Access Control
By doing GitOps access control moves from Kubernetes to git. Controllers which apply git resources to a cluster such as GitOps Engine might provide mechanisms to control which kinds of resources might be applied or in which namespaces those might be created.
Managing larger clusters, which contain applications from multiple teams moves permission management from pure RBAC within the cluster to git. It suddenly becomes important to which repositories people have access to, where they can make changes and who needs to approve what.
Repository features, which allow you to control who needs to review which directory are helpful, but not the only thing to consider.
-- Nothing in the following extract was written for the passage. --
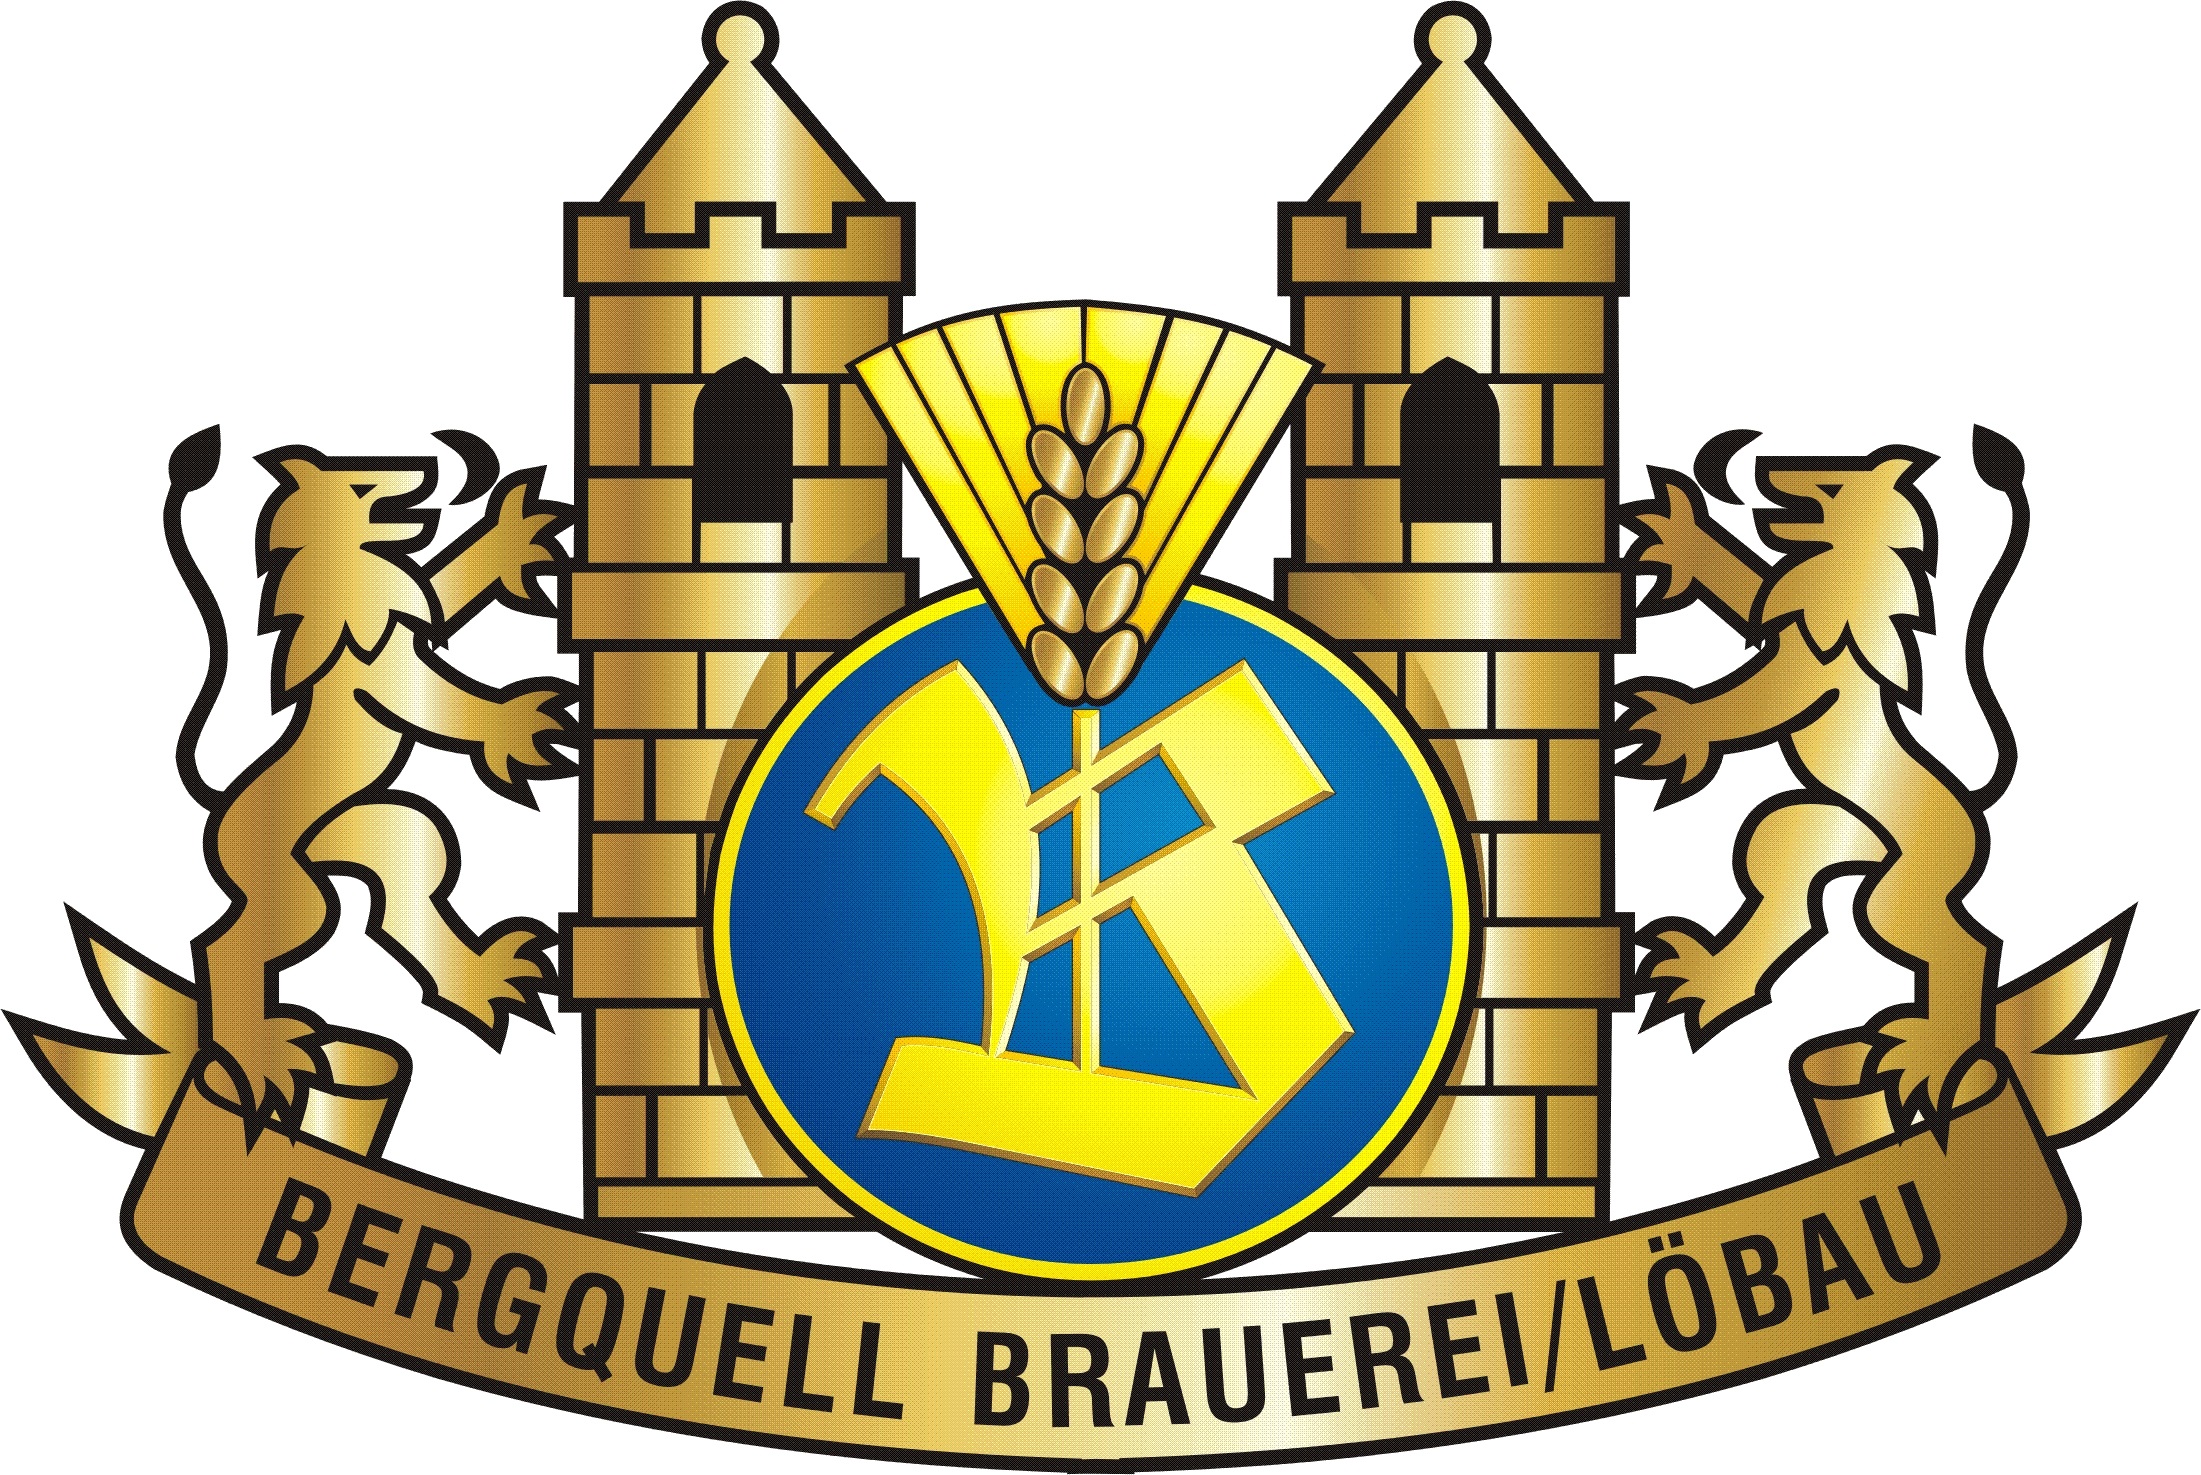 Bergquell-Brauerei Löbau GmbH, Weststraße 7, 02708 Löbau, Deutschland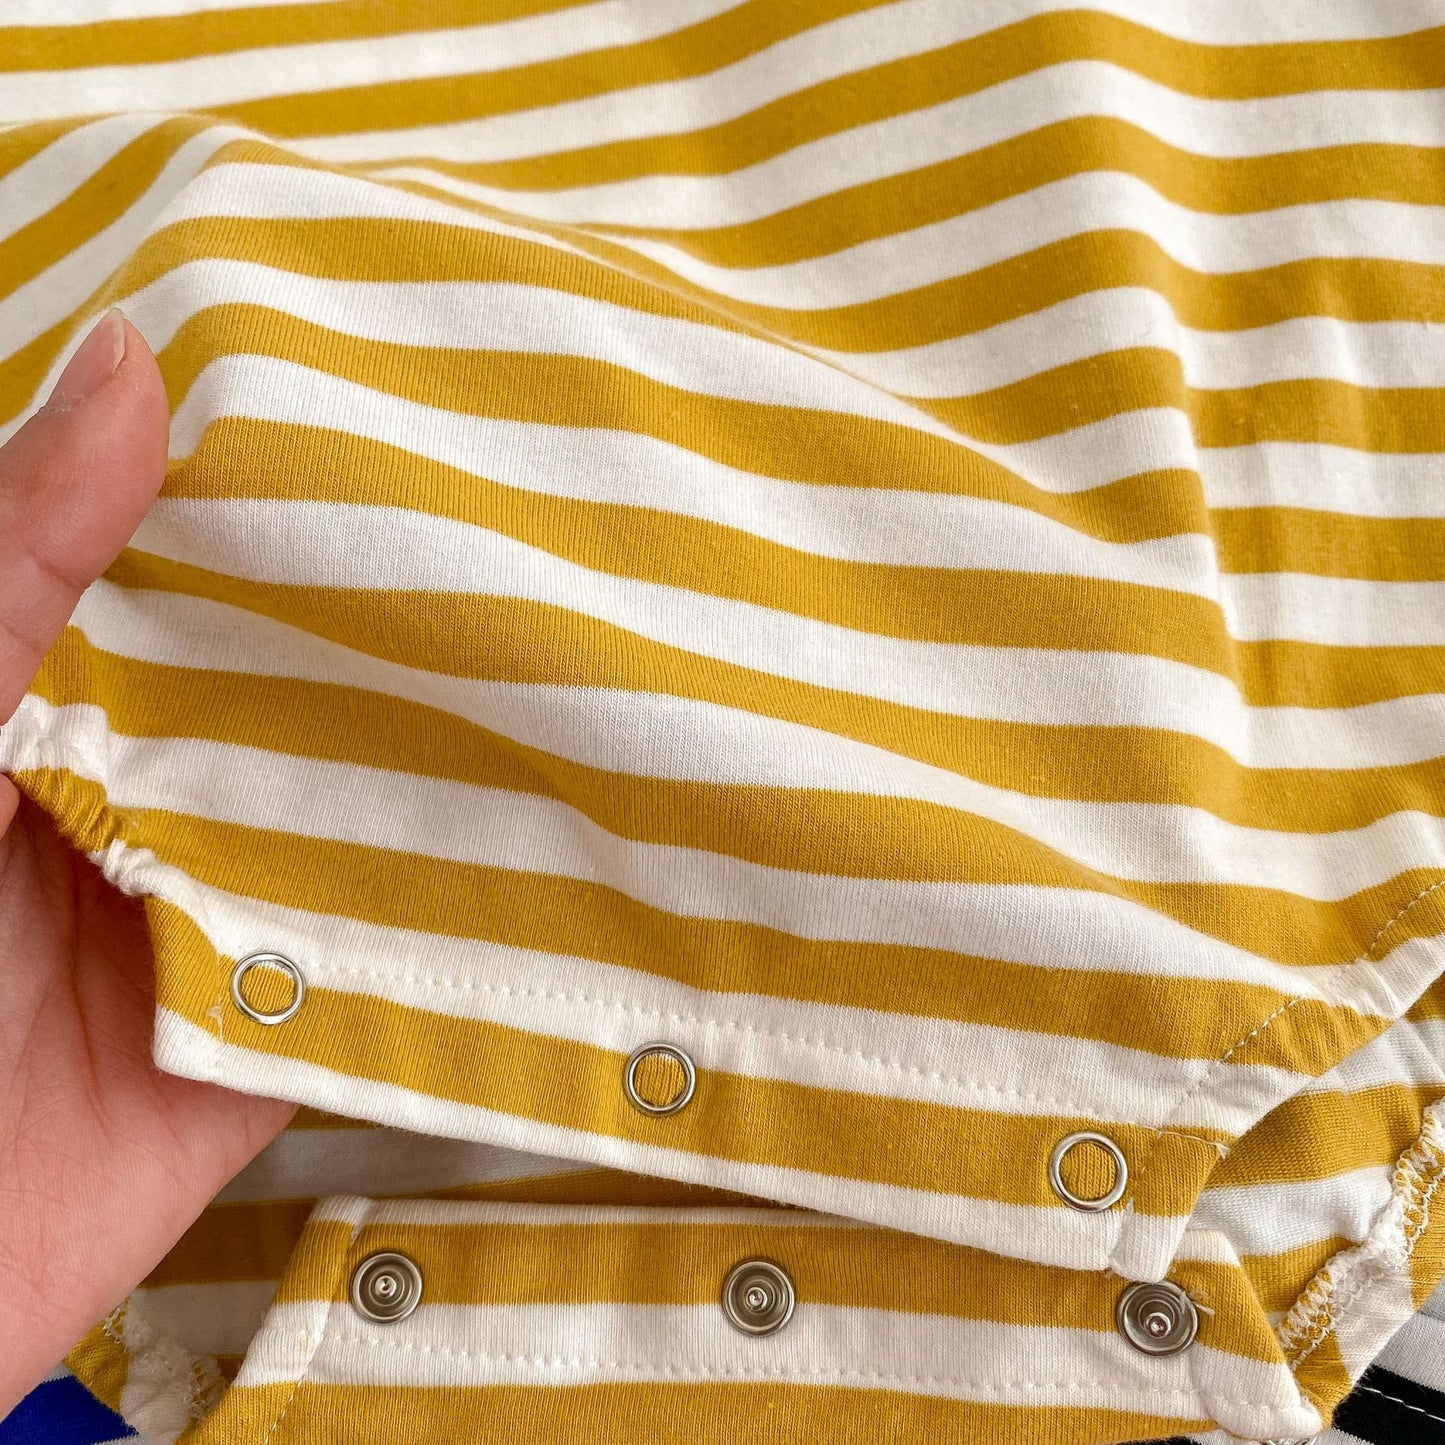 【k3223】ins新款嬰兒衣服韓版男寶寶拼色條紋三角哈衣棉質圓領爬服包屁衣

Documentation around repository best practices explaining pros and cons of different setups might guide users to decide based on their needs.
Some options worth describing:
- one repo per cluster
- one cluster repo + one/multiple application repositories
- different stages within one repo vs staged in branches vs different repos per stage
@torstenwalter this would make a good best practices doc. There is some movement on repo structure again recently. Would you like to participate in this again? Could definitely use your input 💯 https://github.com/open-gitops/documents/pull/51
Given #51 has been closed I'd love to revive the discussion here as I am more and more certain this might be a crucial change of mindset when you can't possibly rely on K8s' RBAC functionality to manage access control but have to resort to what's possible with git.
RBAC has many benefits and people quickly feel they'd be losing something when switching to git. Much of what's possible will probably be dependant on the git server implementation (SSO features etc.) but IMHO guidance needs to be provided on how to map K8s RBAC functionality to a git-centric model.
@scottrigby @torstenwalter wdyt?
I still believe that this is useful. Although I don't have the time to work on this.
Closing this as I won't work on it.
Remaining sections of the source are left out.